Topping, “hat racking” or “rounding-over” a tree can put a tremendous amount of stress on a tree. The practice can result in the removal of 50-100% of the tree’s leaves. This extreme reduction in a tree’s leaf bearing canopy places tremendous stress on the tree. If the tree doesn’t die it will use a large portion of it’s starch reserves (stored in the roots) to replace the removed canopy. The replacement shoots will grow quickly from buds located in the outer tissue around the removed branches, but will not be anchored the same as a “normal” branch. This poor attachment point and fast growth often results in these “shoots” failing. 

Residential tree improperly trimmed called “topping” (click to enlarge)

The large wounds left after a tree has been topped expose the tree to more hazards than just fast growing, poorly attached shoots. The wounds are slow to heal (if they heal at all) and the exposed cambium layer is vulnerable to insects, disease, and decay. The remaining portion of the tree can also experience sunburn or “scalding” due to the lack of leaves and sun exposure.

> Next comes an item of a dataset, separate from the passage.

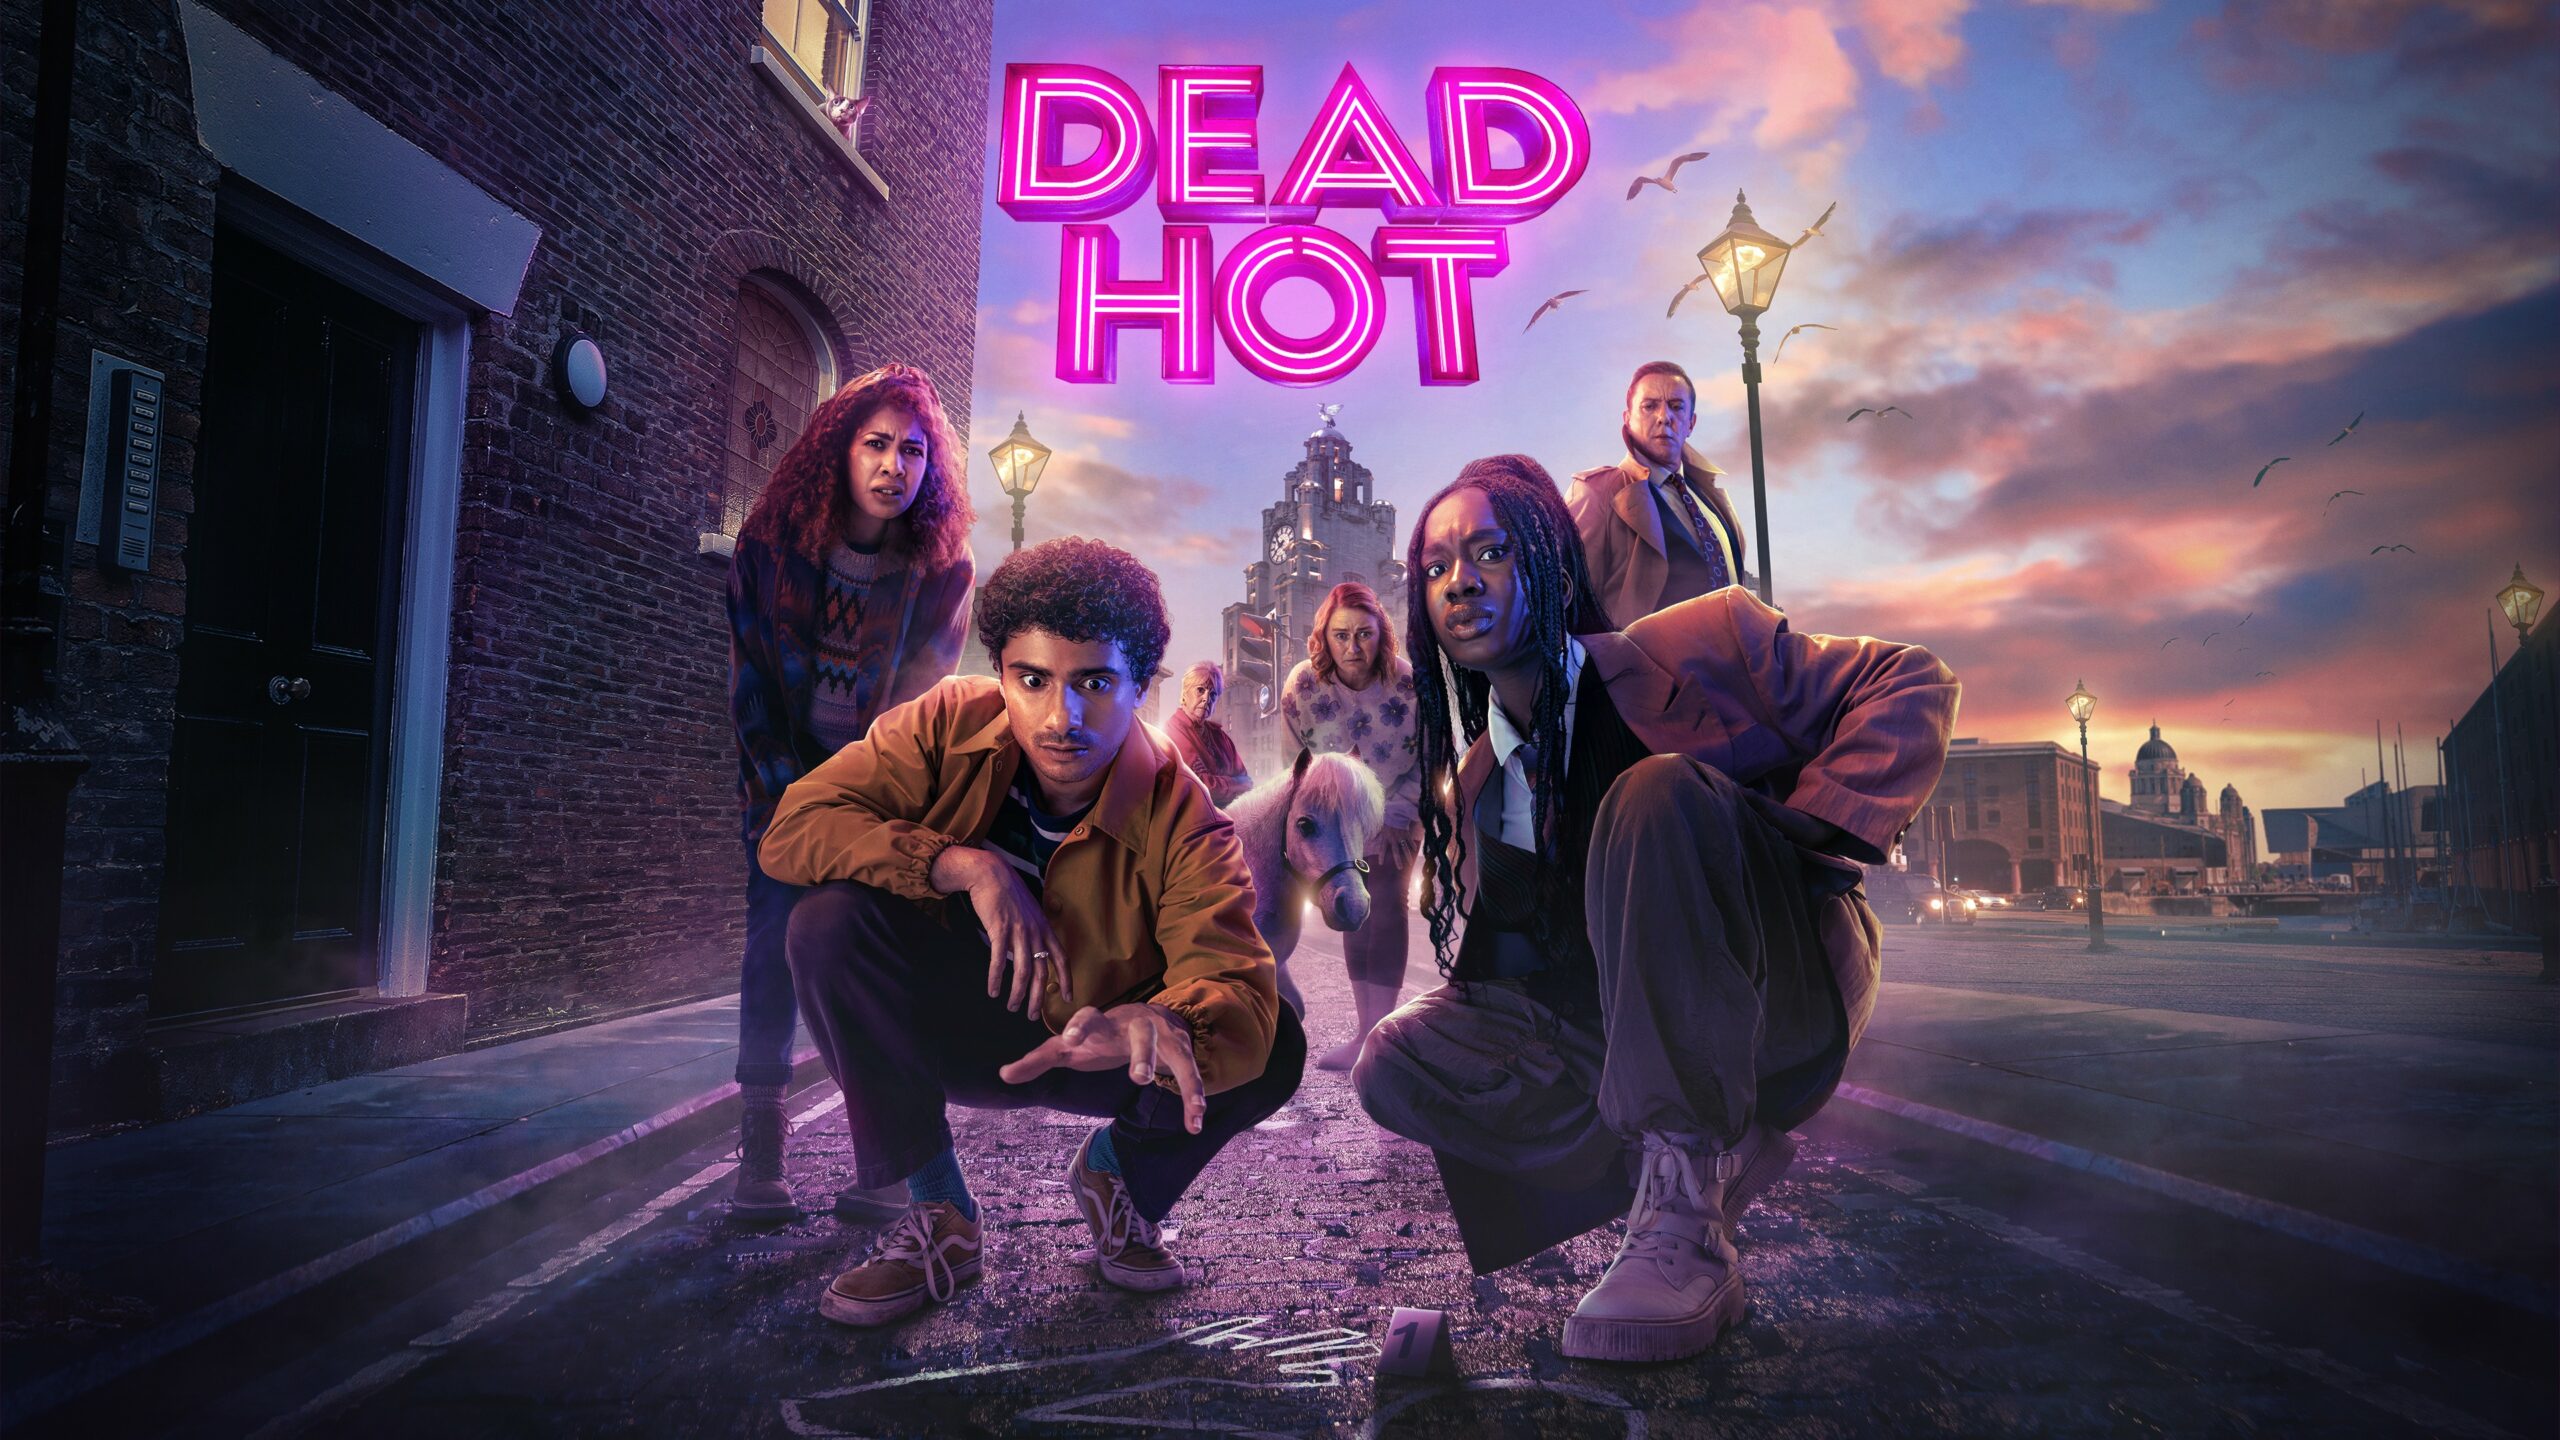 Dead Hot Season 2 Release Date And All Other Updates!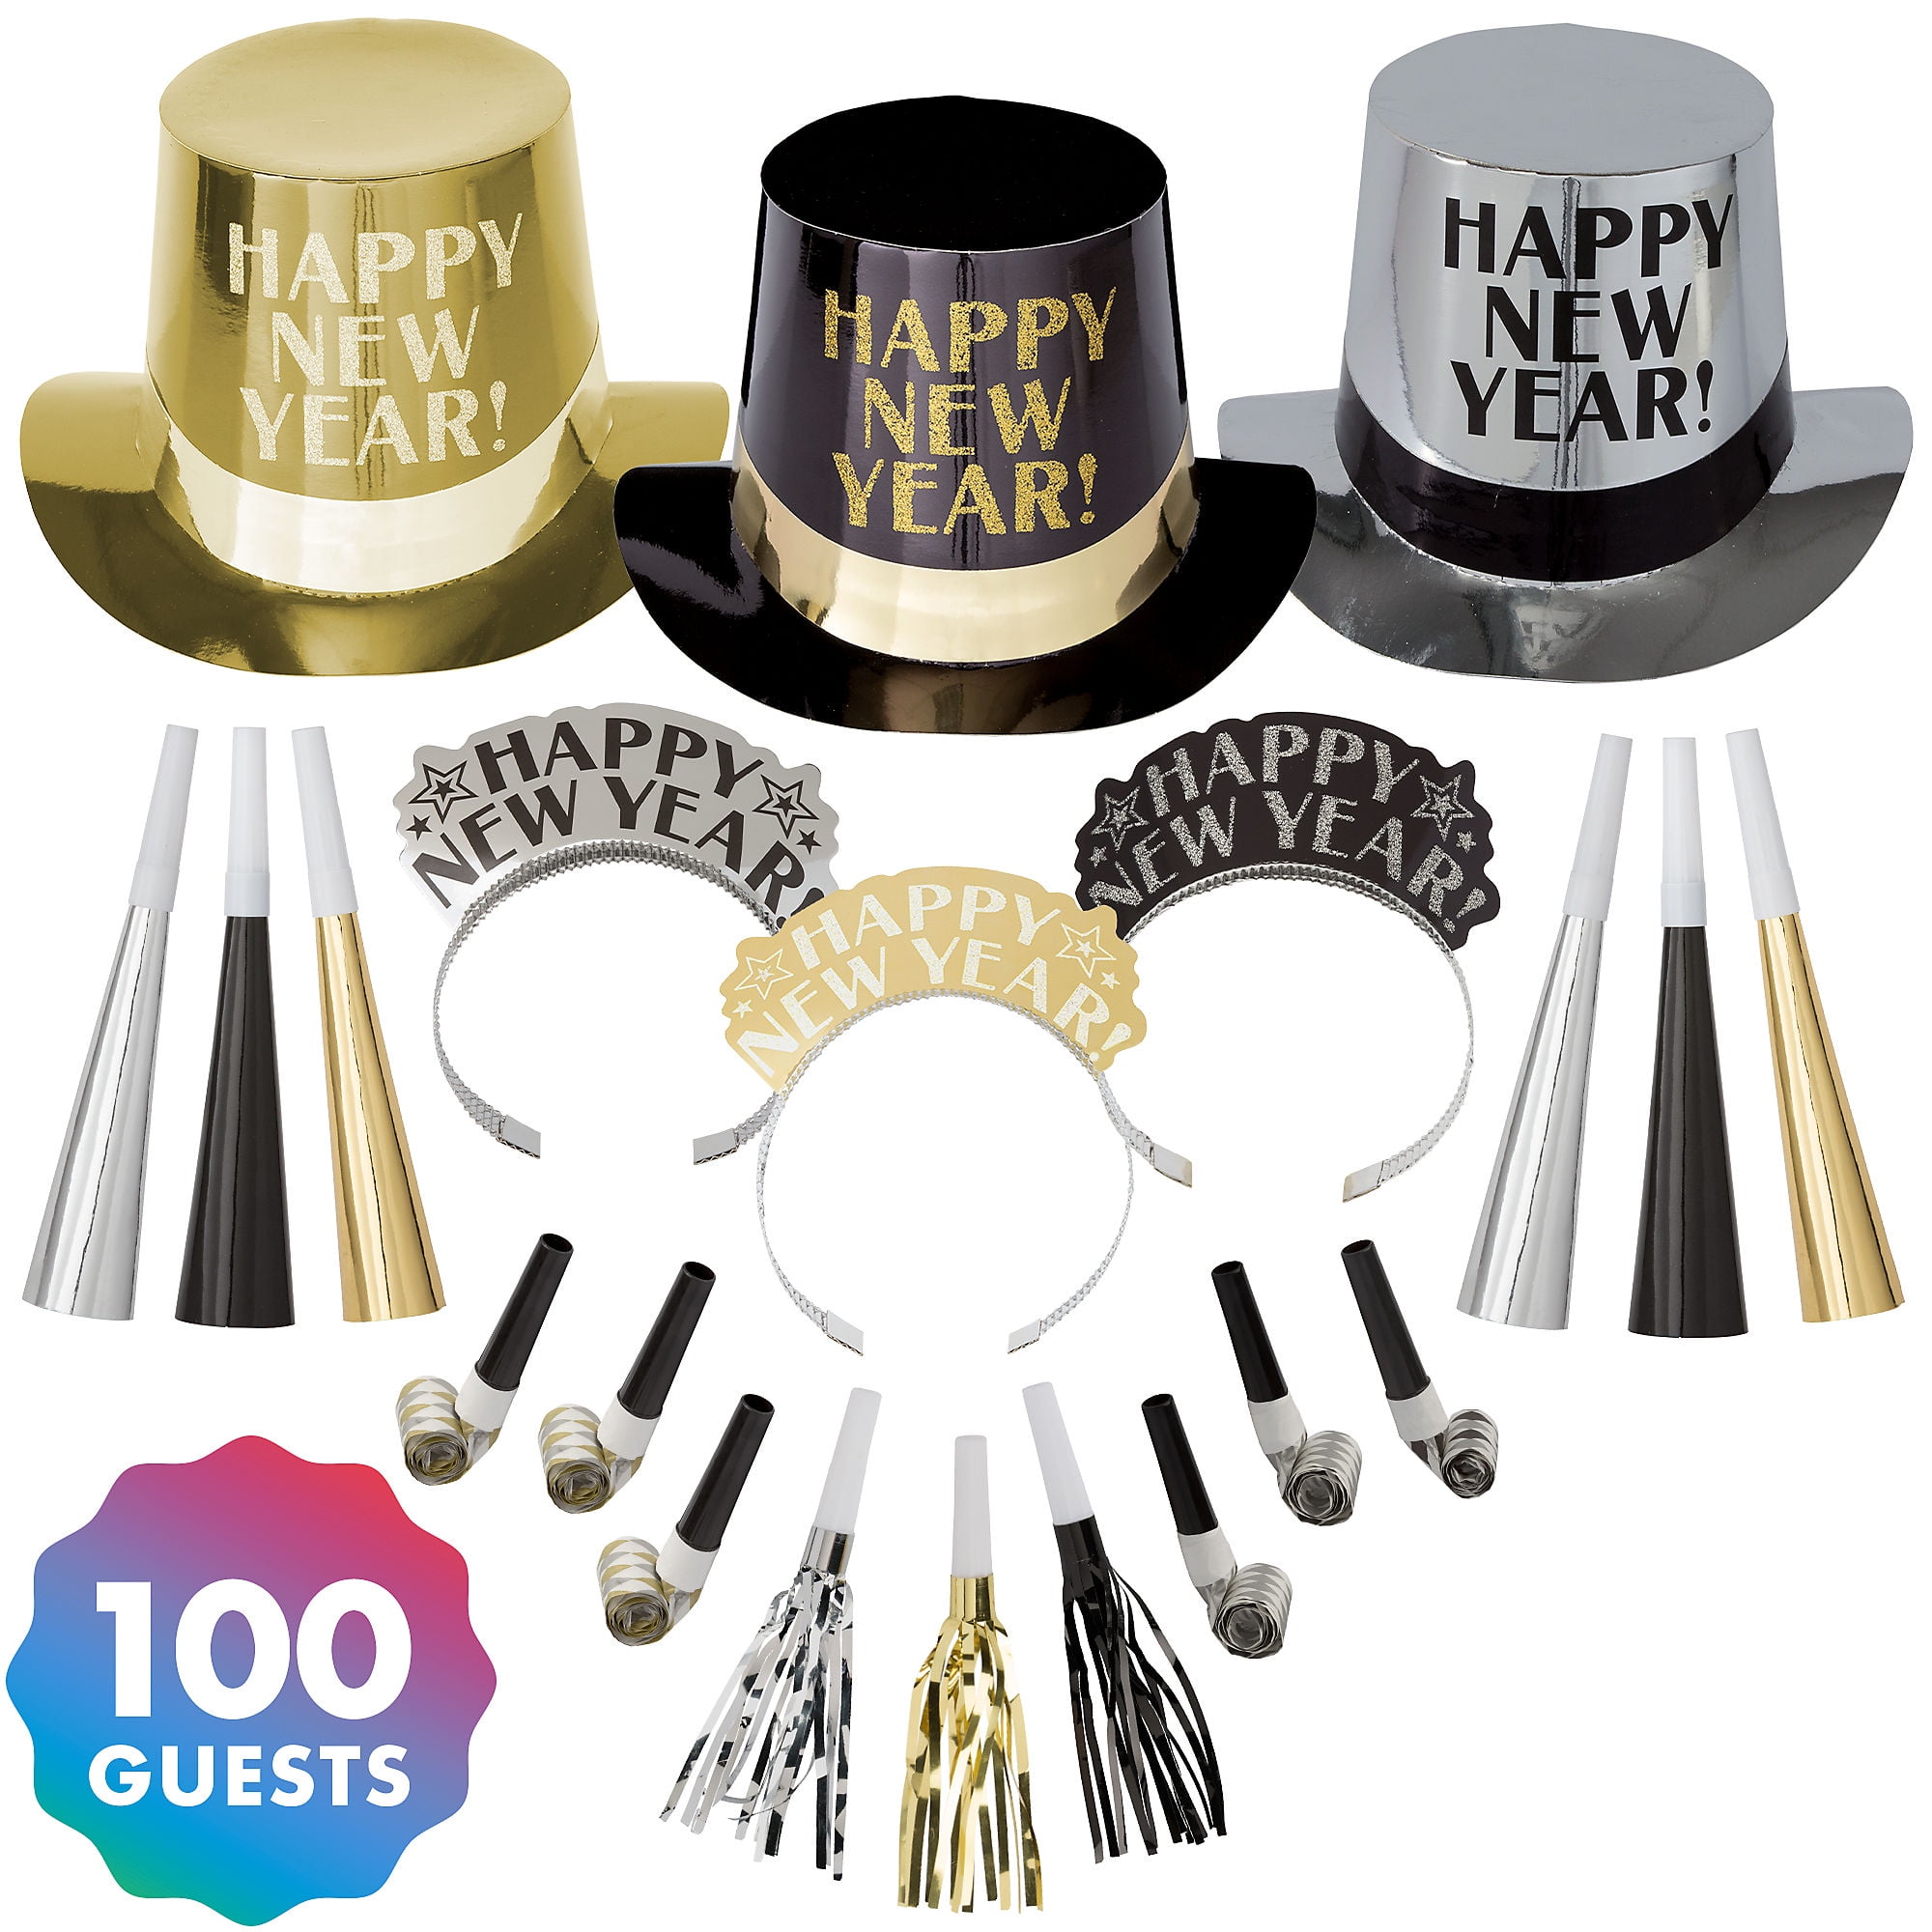 Happy New Year Eve 2018 Deluxe Headband Top Hat Party Headwear Photo Booth Prop

After explaining this to a potential client I am often asked “then what should I do?” Depending on the species, location, health and client desires there are several options. Proper reduction pruning is one solution and involves reducing limbs according to industry standards (Click here to see our pruning guide). If the tree is in poor health or an unfortunate location, removal is also an option. Often times it is better to remove a poor specimen and replace it with a species that is better suited to that particular site. 

As we learn more about the value of trees in our urban forest we have a responsibility to be good stewards of our trees. Witnessing the proverbial “light bulb” turn on after discussing the practice of topping trees is one of the many rewards of being an arborist.